Input data:
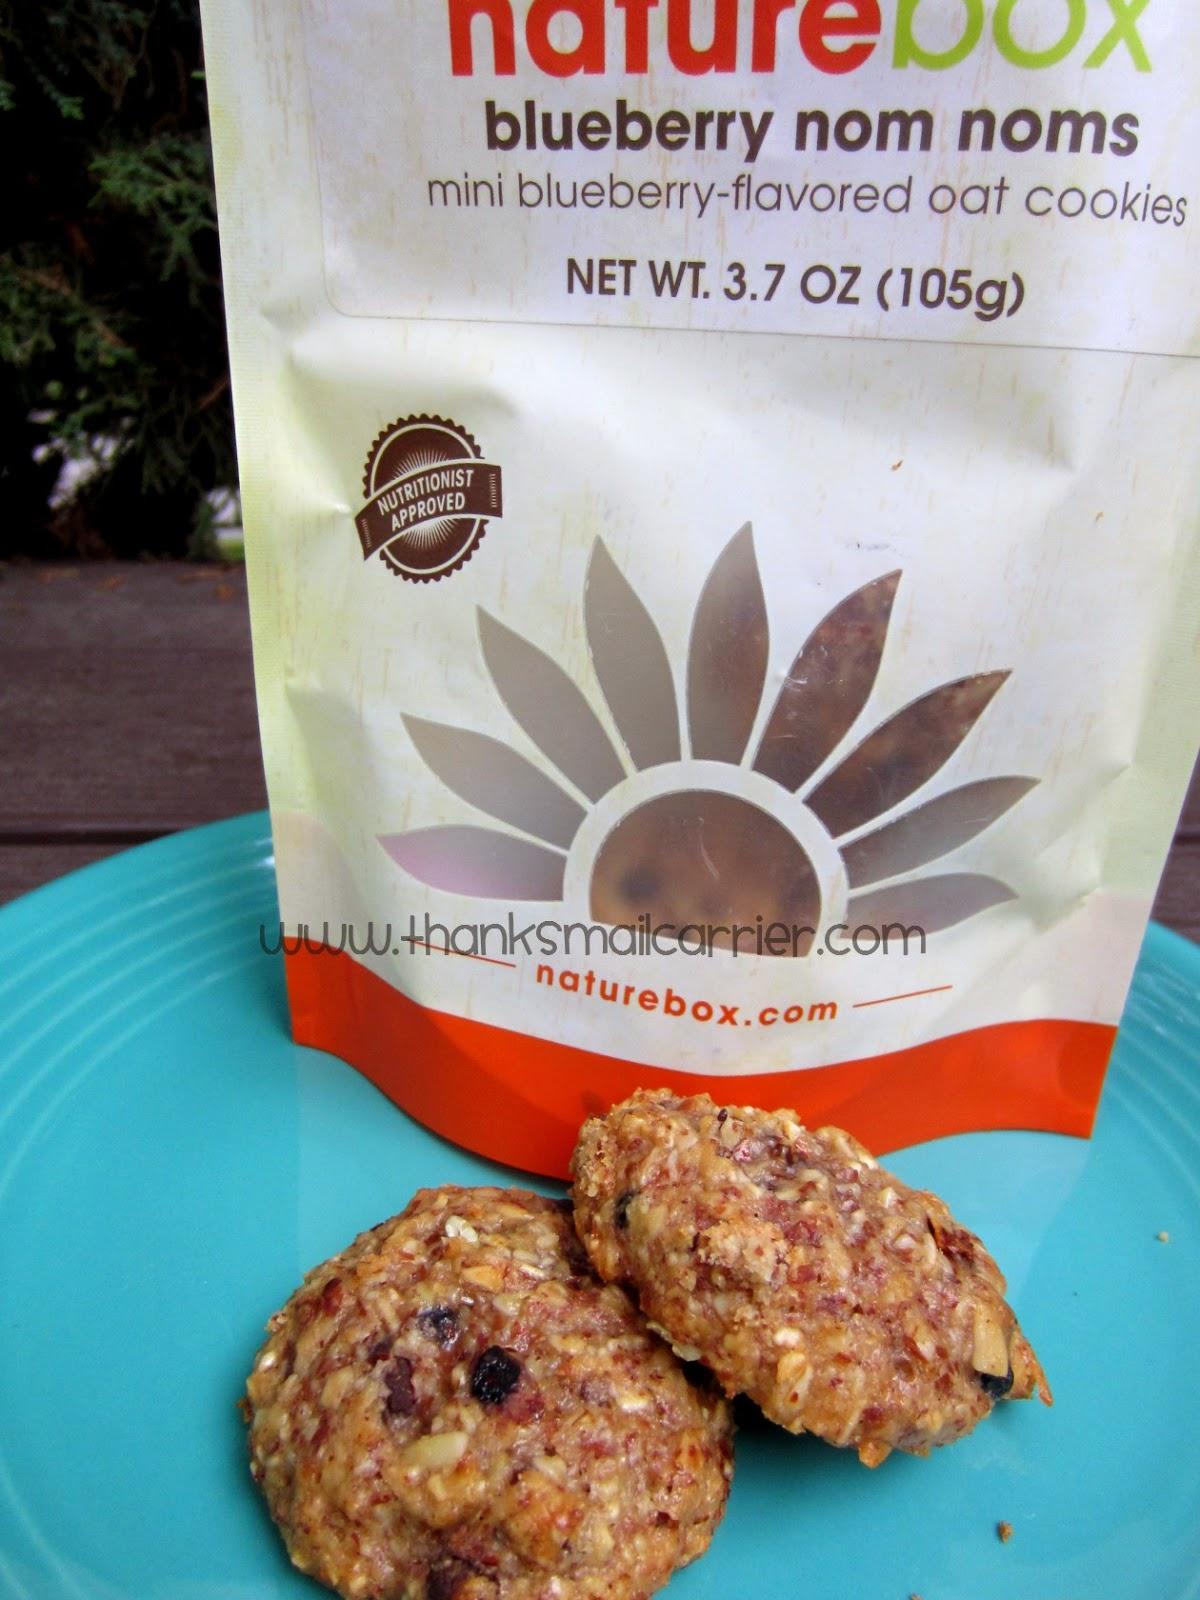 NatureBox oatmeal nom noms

...

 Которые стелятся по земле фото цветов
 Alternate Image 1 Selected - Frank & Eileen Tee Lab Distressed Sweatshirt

Work required: Here the output must be the lines above from the line with "Которые стелятся по земле фото цветов" to the line with "Alternate Image 1", both included, duplicated word for word and nothing else.

Written answer:
 Которые стелятся по земле фото цветов
 Alternate Image 1 Selected - Frank & Eileen Tee Lab Distressed Sweatshirt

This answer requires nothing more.